Does agent-stack-k8s require podSpec?

I’m evaluating using agent-stack-k8s for Kubernetes pipelines. The documentation makes it seem like the “podSpec” field is required, and that it would ignore any “command” steps that specify a script, although that isn’t explicitly stated.

However, I ran the following test pipeline, and it succeeded with the expected output.

steps:
  - label: test
    command:
    - echo "Hello world top level" && sleep 60
    agents:
      queue: staging-k8s
    plugins:
    - kubernetes:
        gitEnvFrom:
        - secretRef:
            name: agent-stack-ssh

I also ran the following:

steps:
  - label: test
    command:
    - echo "Hello world top level"
    agents:
      queue: staging-k8s
    plugins:
      - kubernetes:
          gitEnvFrom:
            - secretRef:
                name: agent-stack-ssh
        podSpec:
          containers:
          - image: busybox:latest
            command:
            - /bin/sh
            args:
            - "-c"
            - "'echo Hello world in container'"

and only got the output “Hello world in container”, seemingly ignoring the “Hello world top level” from the command script.

I note that in both cases the corresponding pod manifest set the environment variable BUILDKITE_SCRIPT_PATH to contain the script I provided.

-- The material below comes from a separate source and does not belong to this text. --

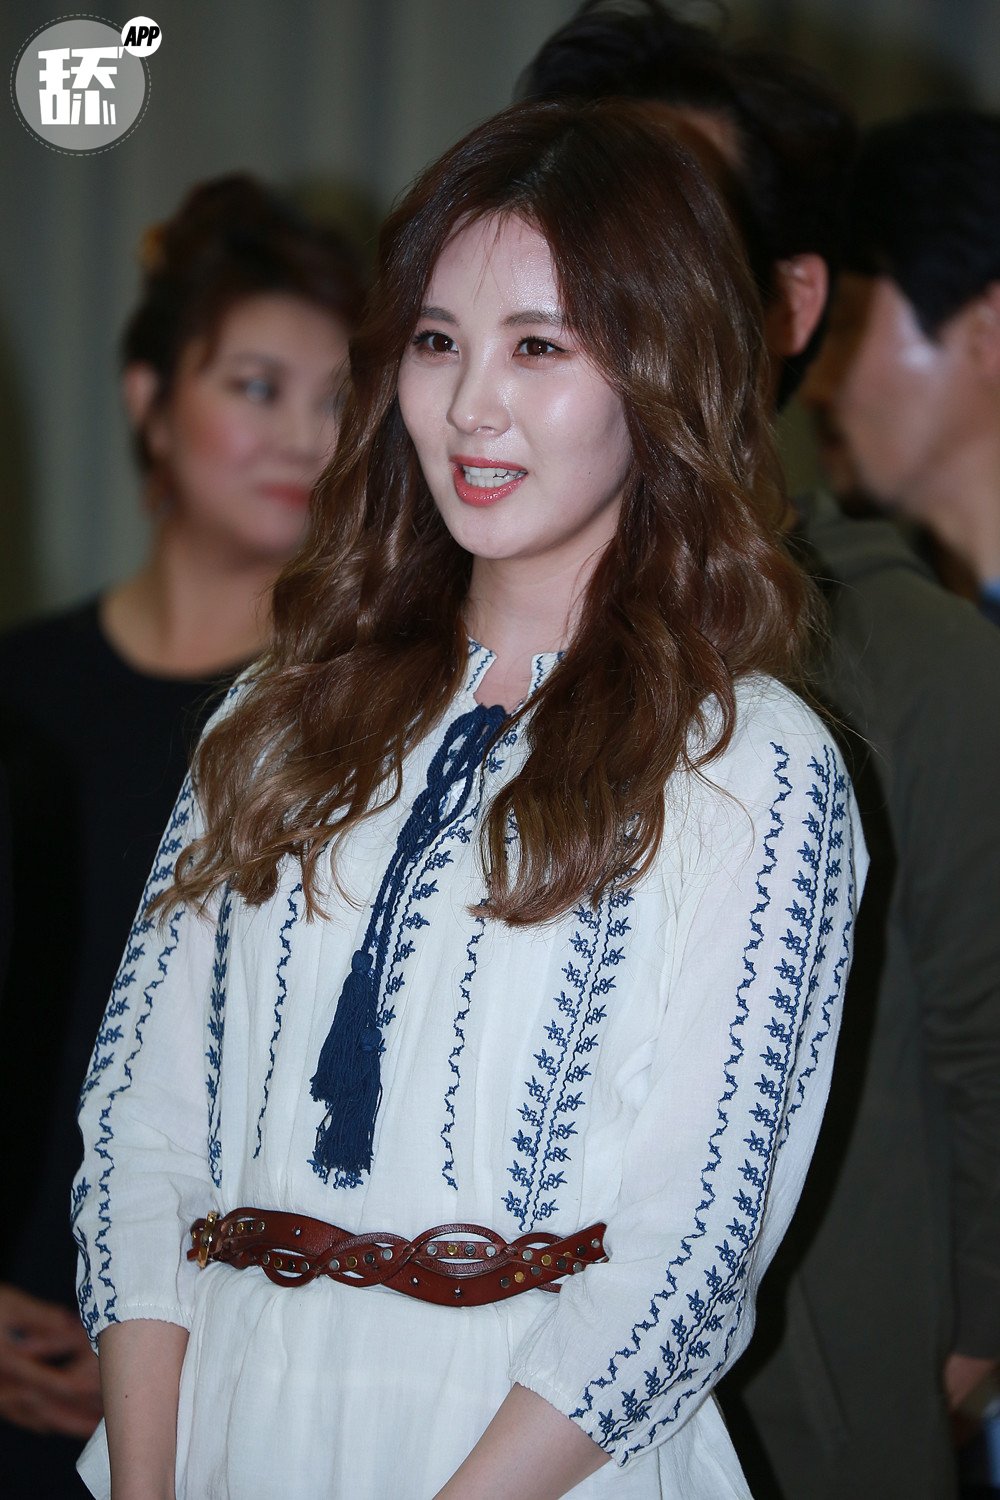 [OTHER][08-12-2015]SeoHyun tham dự vở nhạc kịch mới mang tên "Mamma Mia!" - Page 2 B5rznvw63k-3000x3000

So I have the following questions:

  • Is podSpec actually required by the kubernetes plugin and agent-stack-k8s? Or is the first example’s behavior expected and officially supported?
  • If podSpec is provided, is ignoring the command script the expected behavior, or is running both scripts what’s expected? (i.e. is this a bug?)
  • If either behavior is expected, should the agent-stack-k8s documentation and/or examples be updated to note this use case? I would love for at least the former to be supported since that would make converting existing steps simple (just add the plugins: [kubernetes: {gitEnvFrom: agent-stack-ssh}] field), as opposed to completely rewriting the steps to embed their commands inside of the podSpec.

Hello again @mbarrien!

Thanks for the question - hope you’ve been well :wave:

For both pointers #1 and #2 - that can fortunately be answered with the way that the scheduler in the K8s plugin parses plugin definitions. Upon creation, a job wrapper is created and for which the plugins specified by it are parsed. Further down, the Kubernetes job is then built - and specifically, if there is no podSpec defined in the kubernetes plugin, defaults are used (agent container and substituted step (job) level command respectfully). The latter case where you had both a podSpec and a step (job) level command also explains the behaviour that you saw from the code above: since there was a podSpec definition in the kubernetes plugin, its config was parsed and hence why its echo/sleep commands were run from within the busybox container (as parsed and created by the controller)

The folks behind the Kubernetes stack are always keen on improvements that can be made with it - you’re welcome to submit any issue onto the repo: and in tandem, I’ll get this up to the folks to parlay into improvements (and potentially cleaner explanations for the order of config operations - especially if there is both a top-level command along with a podSpec definition).

Thanks for pointing me at the code and showing me the behavior is hardcoded in. (And I see that the behavior was added in Run command jobs with no plugin config by benmoss · Pull Request #36 · buildkite/agent-stack-k8s · GitHub). My biggest question in that case is, can we rely on this behavior (falling back on “command” if no podSpec is provided) officially, or can this behavior be removed in future versions of agent-stack-k8s, since it isn’t officially documented? I don’t want to rely on undocumented features based on examining what the code does, and then have it ripped away later on if your team decides to go a different route.

Thanks!

No worries! :slight_smile:

I’ve brought the callout of said functionality up with the repo owners: since its inclusive in code, you’re definitely implored to rely on the functionality - its just a case where the explanation that the above feature and respective PR was missed (and also with some examples too - which is where I’ve called out for a specific example / few to make it clear).